Circumstances where it might be appropriate to use the bdo element are discussed in HTML4 specification.

Even in browser setups where support for BiDi in normal content rendering is OK, you may still encounter oddities in other situations, such as for instance:

In these or similar situations, there can be problems not only with limited character repertoire, but also left-to-right rendering even of characters which ought to be rendered right-to-left. In my own experience, for example, in Win/NT4 the window titles and popups displayed Arabic or Hebrew text from left to right (i.e wrongly); and Win/2000 Pro also did the same by default, but by visiting the control panel for "Regional Settings", and enabling the support for Arabic and for Hebrew, this problem was resolved in the latter (I'm advised that in Win/NT4 or Win/9x versions, getting this right required a regional edition of the OS: I pass this on with the usual disclaimers.) As for the fonts used in these situations, may I refer you to the notes in my browsers/fonts page.

Source code representation

In the samples linked below, the source code is generally representing the rtl characters by means of &#number; notation, for the convenience of the authors.

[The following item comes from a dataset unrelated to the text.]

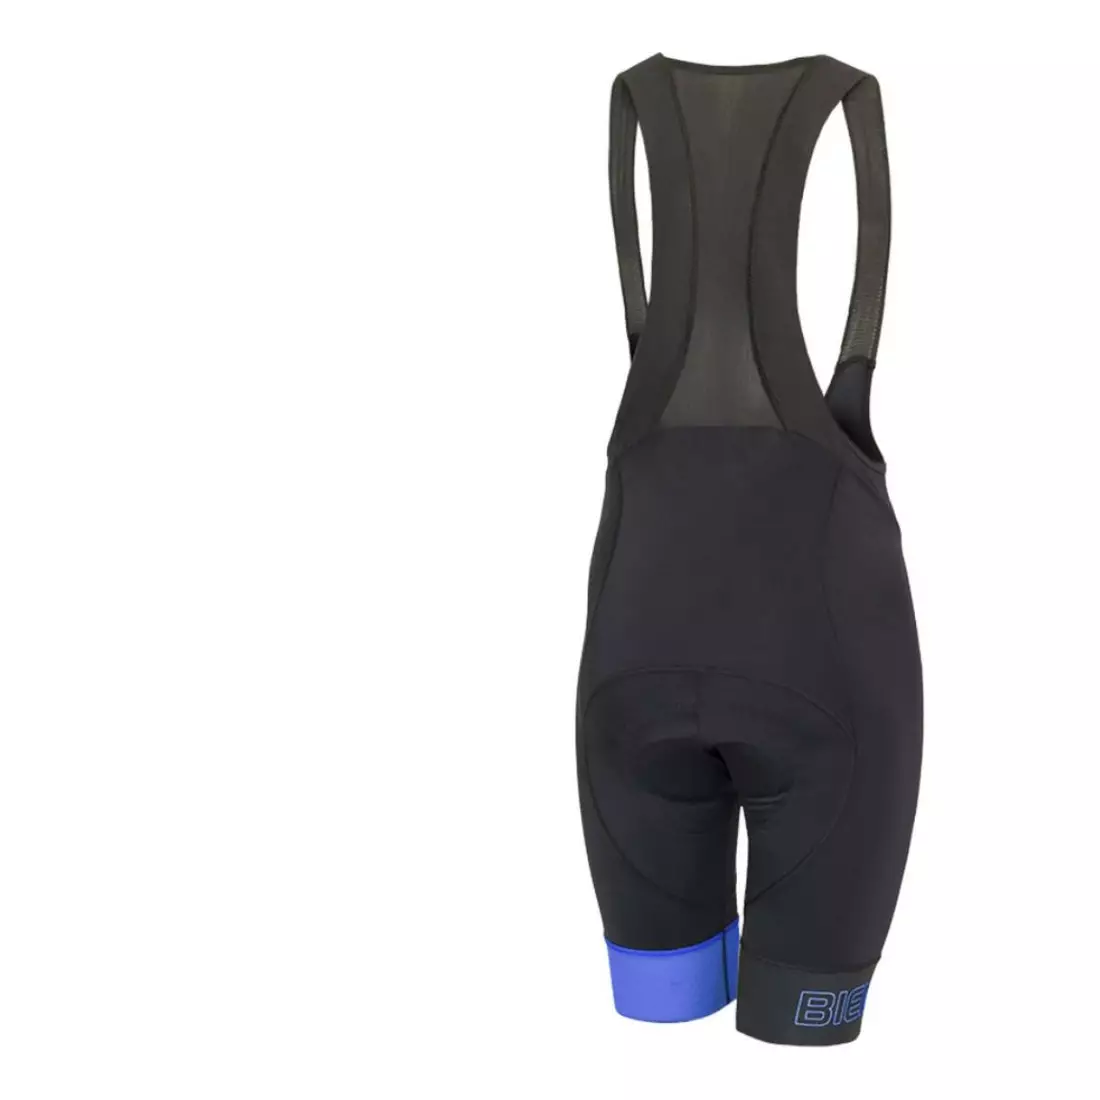 BIEMME men's cycling shorts with suspenders LEGEND ECO black blue

In practice, authors of production web pages may very well wish to represent their rtl text as coded characters, for example in utf-8 encoding (or in the 8-bit encoding appropriate to their writing system). From an HTML point of view, of course, either representation is entirely valid and can be expected to be rendered correctly by supporting browsers.

However, a word of caution: mixed-direction content, interspersed with markup, is beyond the capabilities of some HTML source code editors. If you find yourself in this situation, it may be worth noting that coded characters can be programmatically converted to the corresponding &#number; notation. There are purpose-designed filters which can do that; or, for example, Mozilla Composer (and its sibling Nvu) have an option to "Save And Change Character Encoding" - if you change the encoding to iso-8859-1, then all characters outside of the Latin-1 repertoire, including of course all the rtl characters, will be converted to their corresponding &#number; notation.

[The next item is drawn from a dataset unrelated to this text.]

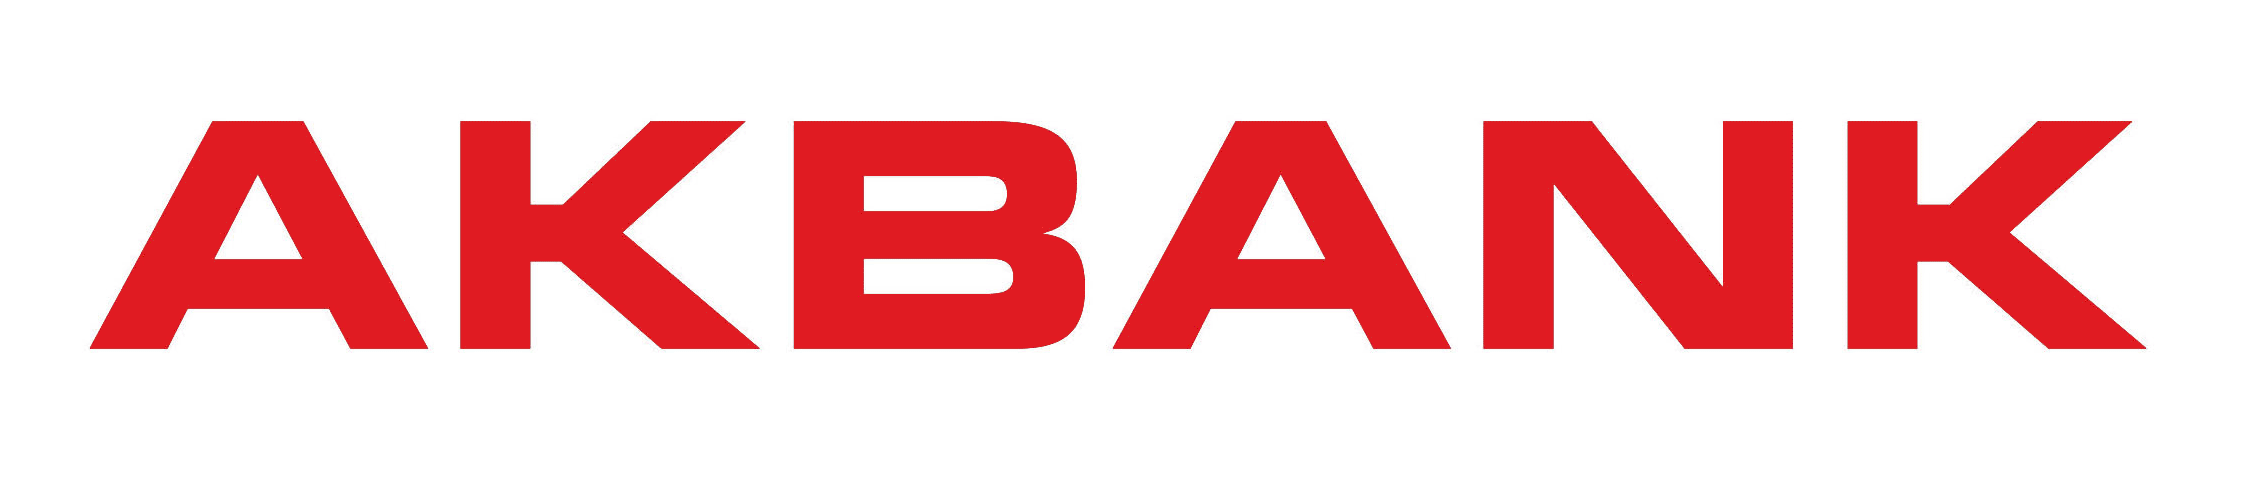 Akbank Logo photo - 1

Once the document had been edited, the updated version could, if you wish, be reconverted for publication to your preferred character encoding, by a similar procedure.

For one example of difficulties with source code display, see Mozilla Bug 322945.

Other effects

This portion chiefly contributed by A.Prilop (who has subsequently made his own sample page, cited below).

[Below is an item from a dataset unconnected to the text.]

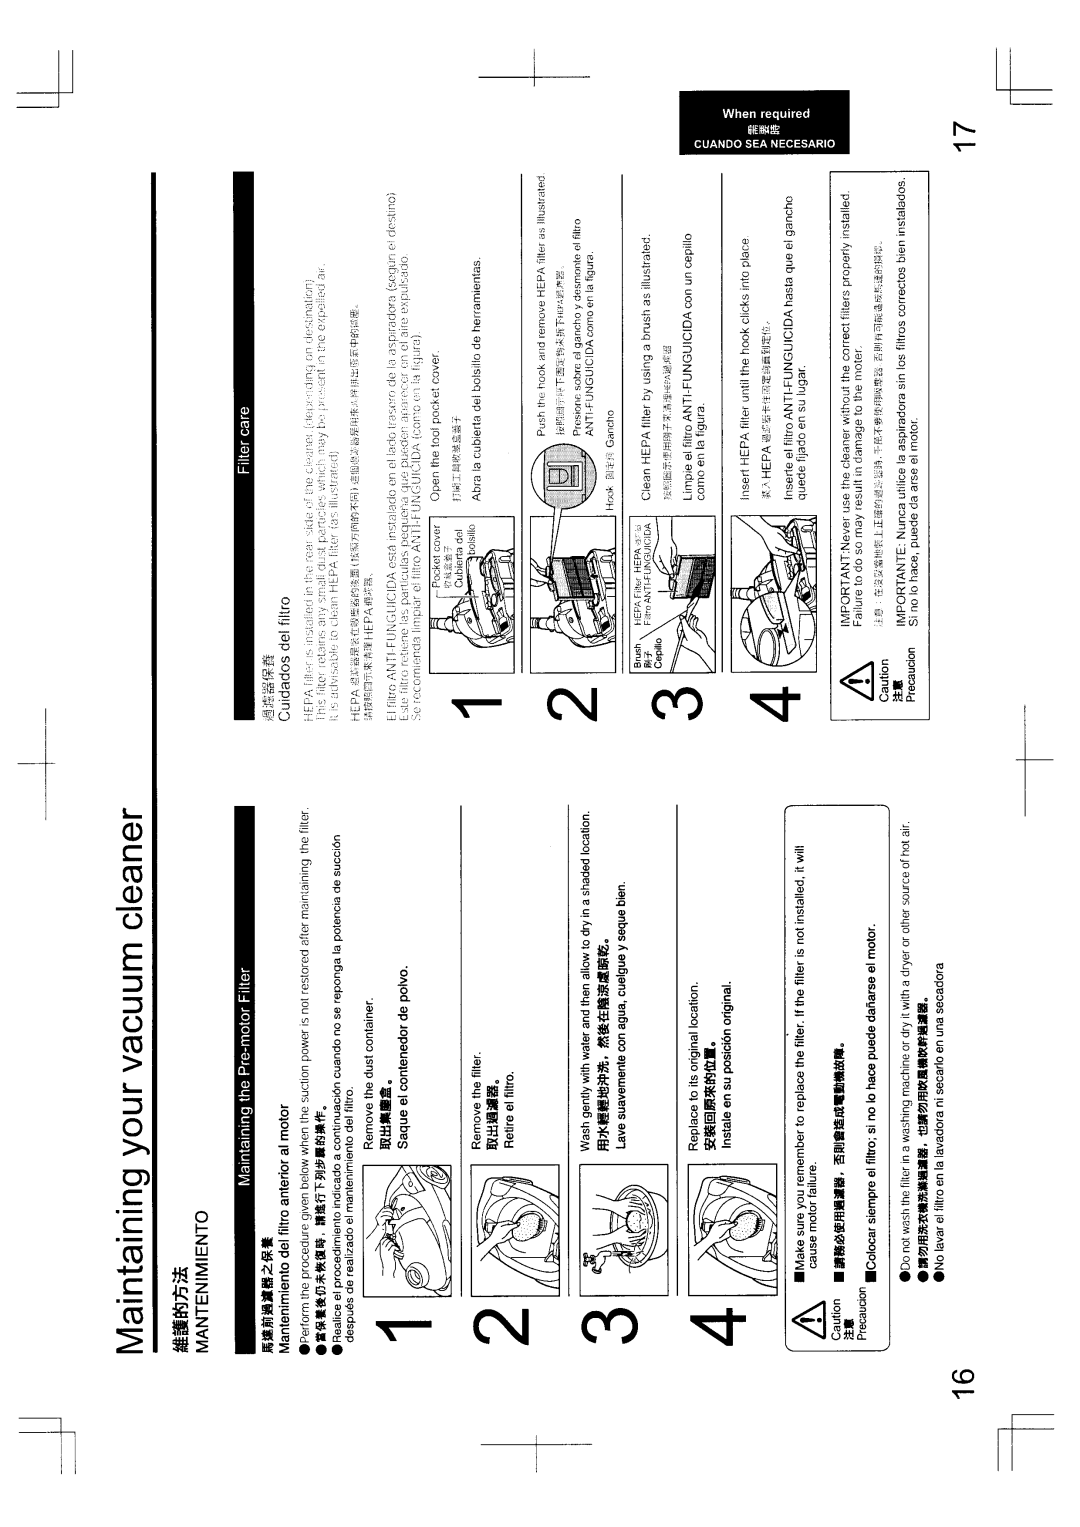 Panasonic MC-5010, MC-5030 manual

<html dir="rtl"> or <body dir="rtl"> may place the scrollbar on the left side in some browsers and may have other visual effects (layout of images etc.). They affect the column order of tables in probably all browsers that know the dir attribute.

Arabic and Hebrew text as such is usually not right-aligned by the browser. We have already recommended liberal use of dir="rtl" on the p etc. element (or on body for a general effect), for this and other reasons, and in most tested browsers this did put the browser into right-alignment mode. However, in at least one browser tested, this didn't happen, so, if you want to cover all bases, it would be advisable to specify right-alignment in the stylesheet.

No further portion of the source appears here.